Almost nobody bothered to play it on the PC either with a DRM system like that.
I myself and a number of people that I know and people in All Other Games on this forum are no longer buying Ubisoft games that have it for that reason.
Also while it took a few weeks or so for Assassin Creed II to be cracked I can confirm (via a friend who pirates the odd game, I don't approve of it) that the crack does indeed work.
Actually, cracked games often run better than the legitimate copies. For example, Civ V is Steam-free, which means that it's a rather tempting for those who avoided buying Civ V because of Steam... And that's when you know that you have failed, when real fans steal the game just to get rid of Steam.
The DRM and Steam is still usually in the pirated copy, the crack just circumvents it. People pirating it to avoid Steam are not helping anything, all that will encourage would be for Publishers to insist upon extra DRM (not that any of it works).
The only real drawback is that multiplayer almost always suffers (which shouldn't be a problem in a single-player game like Civ). Also, patching could be a hell, but on the other hand, if a game is as buggy as Civ V, you might as well wait a few months anyway.
Not having patches is definitely a huge drawback, but then again they didn't pay for it so they have no right to get support anyways.
The thing is, earlier I had a lot of friends who downloaded games, but they all had one thing in common: If they really enjoyed the game, the went out the very next day and bought it. Because most of us, even pirates, are honest people who like to pay for things they enjoy. The problem today is that the pirates get a superior product. For Civ 5, they don't need Steam. For Settlers, they don't need to be online all the time.

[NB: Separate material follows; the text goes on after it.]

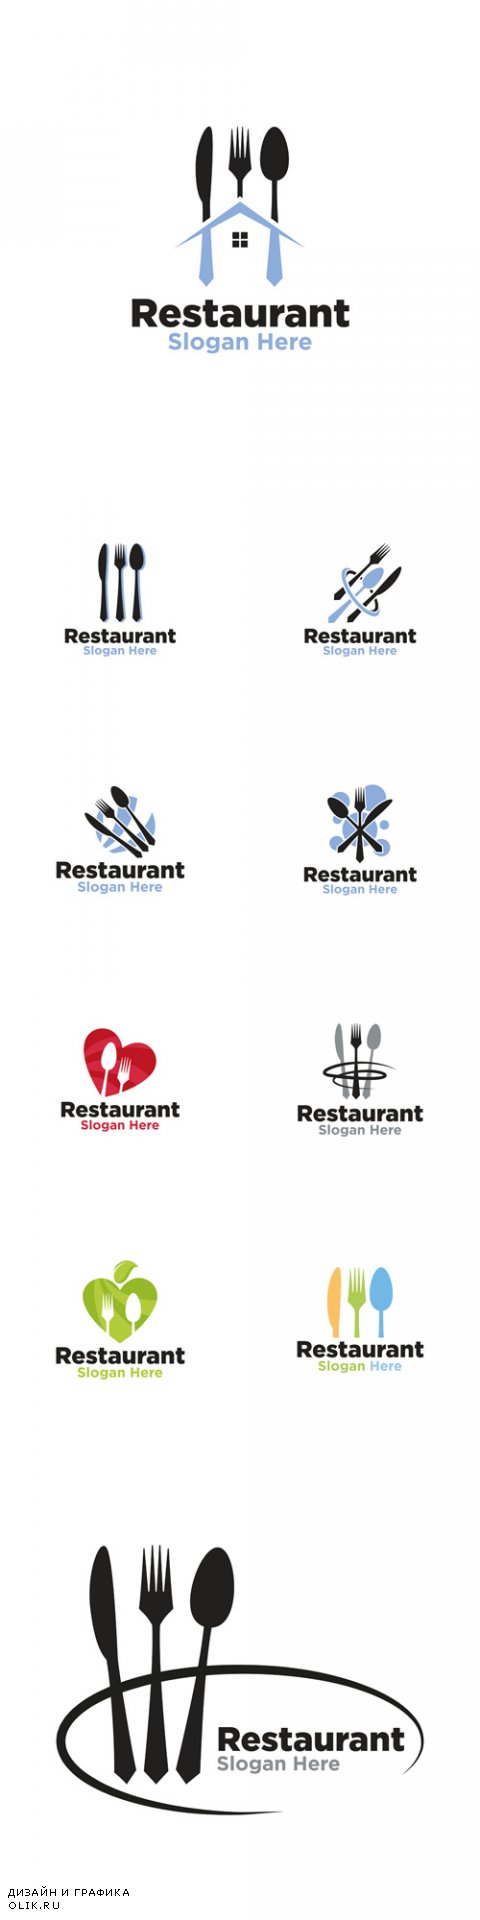 Vector Restaurant Logo Ccreative Design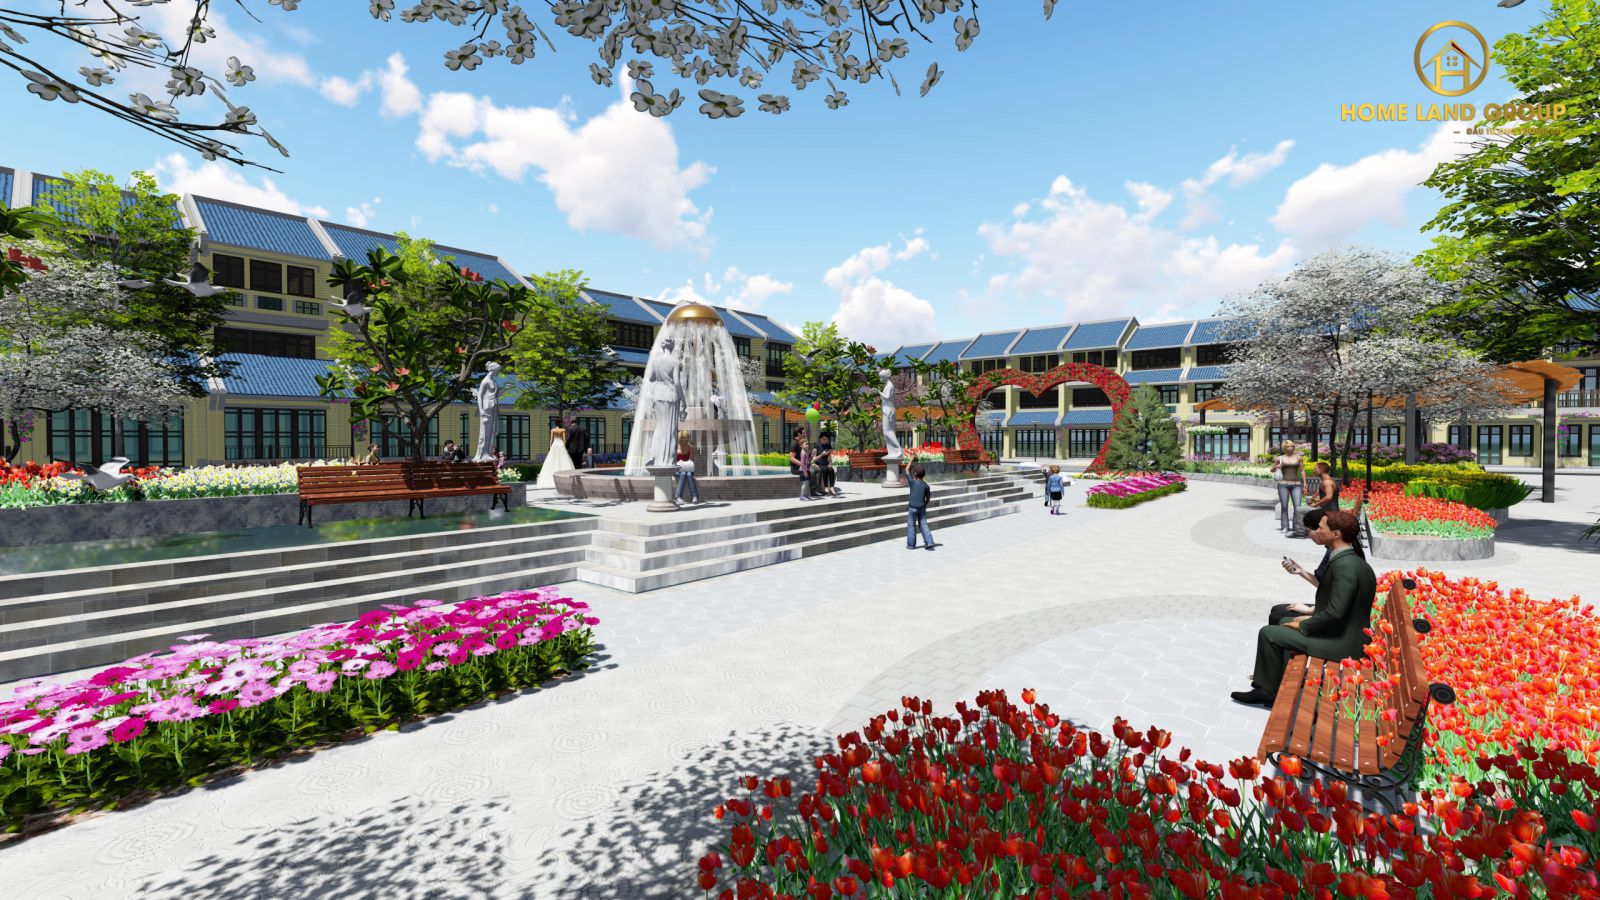 Phối cảnh khu công viên nội khu tổ hợp dự án Homeland Paradise Village Quảng Nam

People primarily pirate a game because its free, a number of people do buy a game if they liked it enough but there is no data to show this is in any way a majority (sadly). As for superior product, that can depend entirely upon your point of view, as there are many people who have no problem with Steam. As well not having multiplayer or patches is a mark against it (this applies for more than just Civ5).
The conclusion is that DRM actually may increase piracy.
Sometimes, such as in Spore's case, but generally there isn't anything to really say that happens a lot.
Steam is not going to help against piracy at all. If they chose steam for that purpose, it will fail. There is already a simulated steam engine coded by different reverse engineer groups and absolutely all versions of civ5 is reversed already, ready to be played on.
They just don't get it, it doesnt matter what you do, they cant keep it from being reversed. Take a look at the "brilliant" new security system of ubisoft and silent hunter 5, it was reversed in just a week and it all broke down in no time. Reversers are extremely smart, smarter than the general developer. Developers are not trained to think reverse engineering, thats why the reversers will always be several steps ahead of them, always.
That is why nobody expects the DRM to last forever, they just want it to protect the game for the first month. Any longer is a bonus.
Of course, this doesn't work almost every time.